MIgrate Seafile 6.0.7 on Windows to Seafile 8.x.x on Docker

I plan doing migration in the following way:
Seafile 6.0.3 Windows => Seafile 6.0.3 Linux => Seafile 8.0.8 Linux => Seafile 8.0.8 Docker

These are the first questions I have:

  1. Is it worth to migrate from SQLite to MariaDB?
  2. Is the suggested migration way good? Is there something to improve?
  3. Where to download 6.0.7 for Linux? @shoeper, @daniel.pan, could you help with it?

Btw, here are the links with useful info:

https://web.archive.org/web/20190423150103/https://manual.seafile.com/deploy_windows/migrate_from_win_to_linux.html

https://web.archive.org/web/20190423150053/https://manual.seafile.com/deploy/using_sqlite.html

Hi,

regarding 2: Just one thing: Why not use the latest 9.0.2 directly? Apart from that, I don’t see anything that would speak against that way. Except the next step:

regarding 3: Yes, it is definitely a downside that no (public?) version archive is being kept for the seafile project. That’s why I started keeping the old versions (at least the ones that I used) in my personal archive at some point… What I could offer you (yes, I know, that’s no officially trusted download source) are the following versions:

  • Win 32Bit 6.0.7 CE
  • Linux 64Bit 6.3.4 CE
  • Linux 64Bit 7.0.3 CE
  • Linux 64Bit 7.0.4 CE
  • Linux 64Bit 7.0.5 CE
  • Linux 64Bit 7.1.3 CE
  • Linux 64Bit 7.1.4 CE
  • Linux 64Bit 7.1.5 CE
  • Linux 64Bit 8.0.1 CE
  • Linux 64Bit 8.0.2 CE
  • Linux 64Bit 8.0.3 CE
  • Linux 64Bit 8.0.4 CE
  • Linux 64Bit 8.0.5 CE
  • Linux 64Bit 8.0.6 CE
  • Linux 64Bit 8.0.7 CE
    So if you would like to use that offer, PM me and I can provide you some of those versions (changing your migration way to 6.0.3 Win => 6.3.4 Linux => etc.)

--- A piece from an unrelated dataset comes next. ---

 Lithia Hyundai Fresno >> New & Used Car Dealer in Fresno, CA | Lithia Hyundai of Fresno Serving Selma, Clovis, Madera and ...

Regarding 1: I have no personal comparison regarding SQLite (used MySQL on Win from the beginning and MariaDB on Linux since the migration), so I cannot give you any advice there.

Just one general hint: You need to know the downsides and limitations of the provided docker image. If you are fine with the included https proxy and being limited to have seafile served on the according webroot (/) location, than this is ok.
From my personal opinion, it would have been better to separate server and https proxy image (as this would also have allowed using a general proxy that also targets other services, or serving seafile from non-root location (e.g. /seafile/), etc.

Thank you for your help!

I thought there is only 8.x available on Docker, but now I see there is 9.x version, so it’s a good idea to upgrader to 9.x.

The reason why I want first to migrate to 6.0.7 and then upgrade is trivial: it’s better to split the large task to a smaller ones which you can verify independently.

Btw, I completely agree about the separate container for proxy.

The reason why I want first to migrate to 6.0.7 and then upgrade is trivial: it’s better to split the large task to a smaller ones which you can verify independently.

Understandable. At some point during my migration planning, I got aware of the fact that I would possibly never get my hands on the old server versions in any way and that I had to go with the versions which I had available.

So that’s why I chose to include the minor update 6.0.7-to-6.3.4 with the Win-to-Lin migration in one step. The difference wasn’t really that much (chose a different package during Linux installation, plus the execution of a few sql scripts) - the biggest part of work were different things that needed to be done anyway. Plus: I was migrating from one system to another, so if something would have failed (anything that really could have was on the new Linux system) I still had my original Win system available in an operational state.

Where to download 6.0.7 for Linux?

So I just found that the old files are still there - at least those were released since the current download location on AWS in use.

The oldest version that can be found there is 6.0.9 (which could also serve here quite good as there are no DB upgrades required from 6.0.7):
https://s3.eu-central-1.amazonaws.com/download.seadrive.org/seafile-server_6.0.9_x86-64.tar.gz
And you can view which files are at that location by simply navigating to:
https://s3.eu-central-1.amazonaws.com/download.seadrive.org/

Wow! Thank you very much!

I will post there when I do migration.